APTA | Passenger Transport
June 22, 2009

In This Issue


FTA Awards 14 Percent of ARRA Transit Grants; $1.4 Billion for Projects in 31 States

The Federal Transit Administration (FTA) has increased the percentage of American Recovery and Reinvestment Act (ARRA) grants it has awarded to 14 percent of the total available funds, accounting for more than $1.4 billion in 31 states.

On June 10, FTA announced the award of 77 ARRA grants totaling $909.4 million, which will fund transit improvements in 27 states, the District of Columbia, and the U.S. Virgin Islands. Here is how just some of the grantees are using ARRA funds.

In Bridgeport, CT, Greater Bridgeport Transit (GBT) received $2.8 million in ARRA grant funds to be used for the replacement of 40 fixed route bus engines.
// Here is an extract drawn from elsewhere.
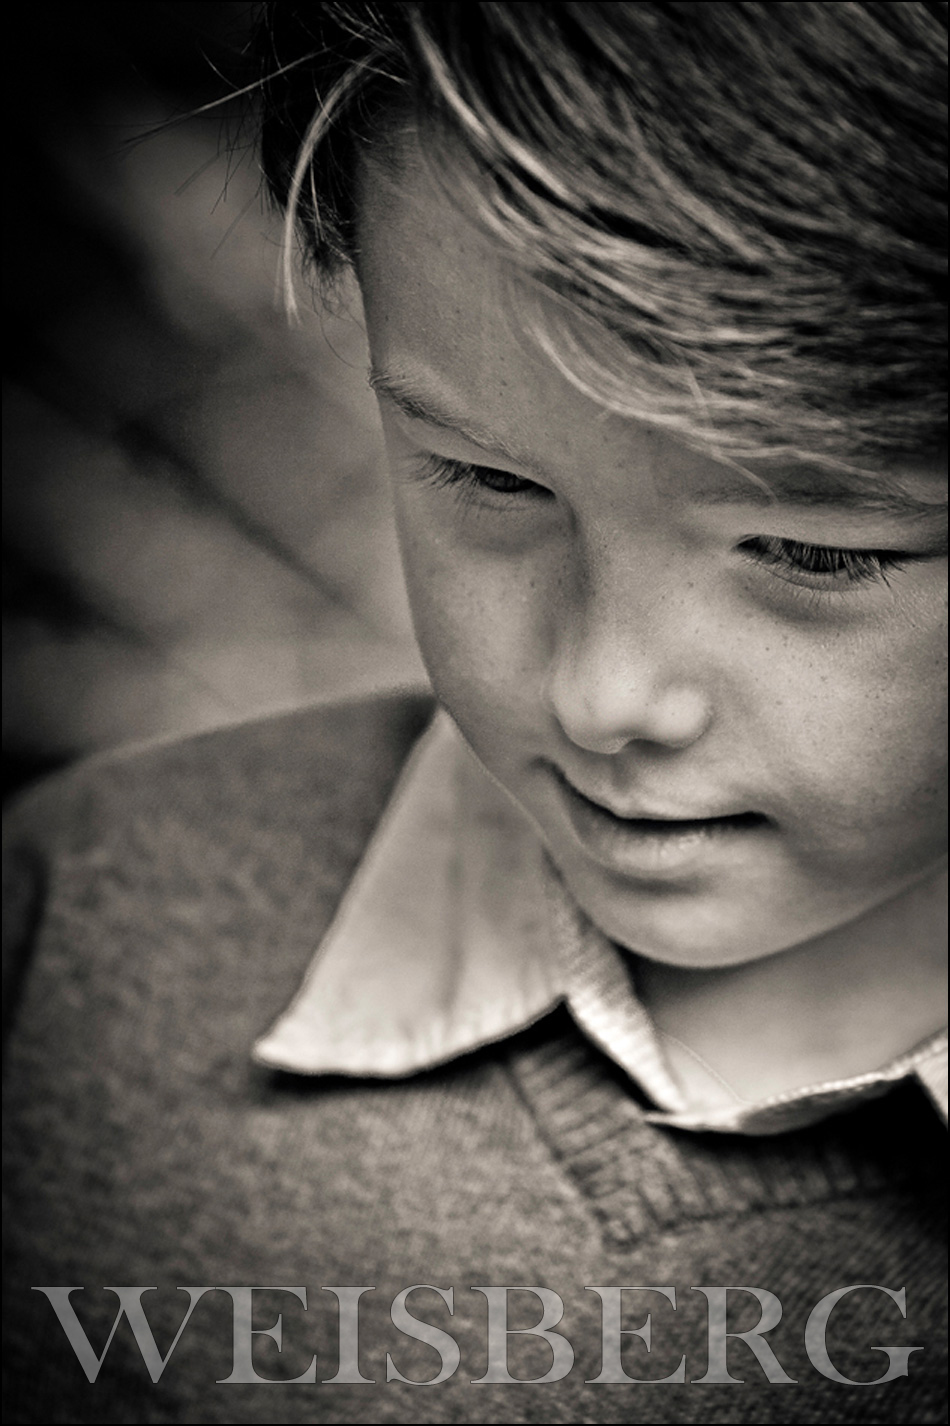 black & white portrait of a 6 year old boy

John Weldon, assistant managing director for GBT, explained that the buses had reached their six-year midlife period and, with the new engines, will have at least another six years of service.
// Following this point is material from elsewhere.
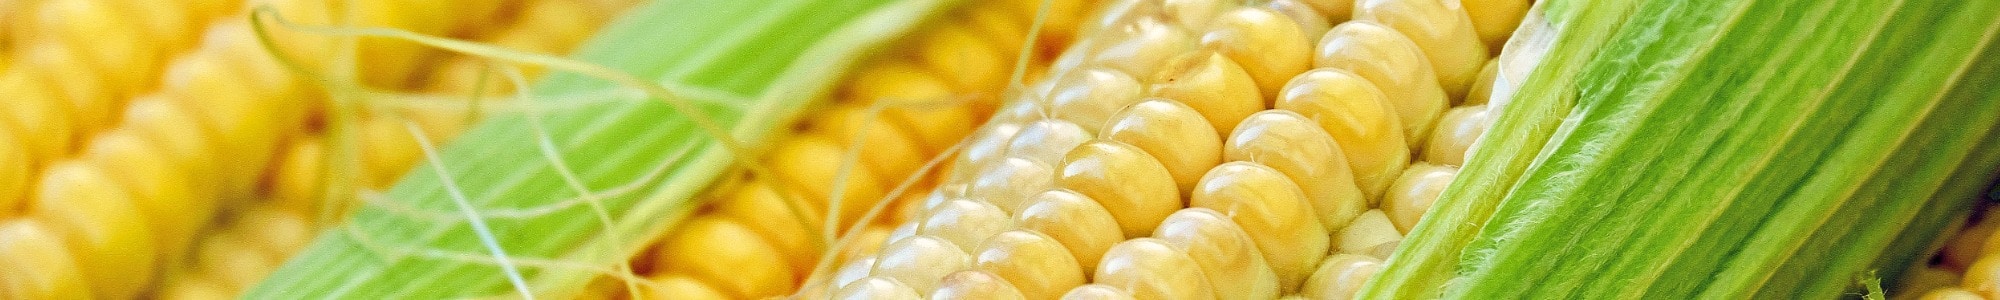 Corn banner image

“These buses are approaching 300,000 miles each,” he said. “The midlife engine rebuild may extend the life of the vehicles; it will also create a more reliable fleet and diminish our maintenance costs.” He added that GBT would not have been able to fund this project without the help of ARRA.

Paul Matsuoka, executive director of the Livermore-Amador Valley Transit Authority (LAVTA) in Livermore, CA, described how his agency plans to use the $3 million grant it received under ARRA. LAVTA provides fixed route and paratransit service to Pleasanton, Dublin, Livermore, and unincorporated parts of Alameda County.

“We are essentially using the funds to complete 15 small projects that cumulatively total about $1 million,” Matsuoka said, “such as replacing bus fleet equipment and repairing broken infrastructure—things that, without these funds, we probably would get one or two done per year. These funds will allow us to accelerate the schedule.”

He noted that the remainder of the ARRA funds will support preventive maintenance of the agency’s buses and paratransit coaches, as well as operation of LAVTA’s complementary paratransit service under the Americans with Disabilities Act.  The Berks Area Reading Transportation Authority (BARTA) in Reading, PA, will use its $4.3 million ARRA grant for the purchase of four new 40-foot hybrid-electric buses and the replacement of six paratransit vehicles.

“The ARRA funding means that we can replace the paratransit vehicles when it’s time instead of waiting until they’re past their useful life,” said Janet Weiss, BARTA manager of programs and marketing. She also noted that the agency took delivery of five hybrid buses earlier this year and, “when we found out the stimulus funds would be available, we ordered the additional four.”

Other money from the grant will go toward the purchase of safety and security cameras for transit vehicles that do not currently have them; spare bus components; and electronic real-time passenger bus location information signage and other improvements at BARTA’s Intermodal Transportation Complex.

In South Carolina, the Charleston Area Regional Transportation Authority (CARTA) will receive $6.5 million through ARRA, which it will use for the replacement of nine buses; for facility renovation; and for transit enhancements including bus shelter construction at 25 locations, and passenger information systems at bus stops.

“We were investing in a capital reserve account, hoping for discretionary funding so we could complete these projects,” said Christine Wilkinson, transit administrator for CARTA. “We hoped that eventually we would receive federal funding, but ARRA made it happen much faster. That’s how we were ready to go so quickly.”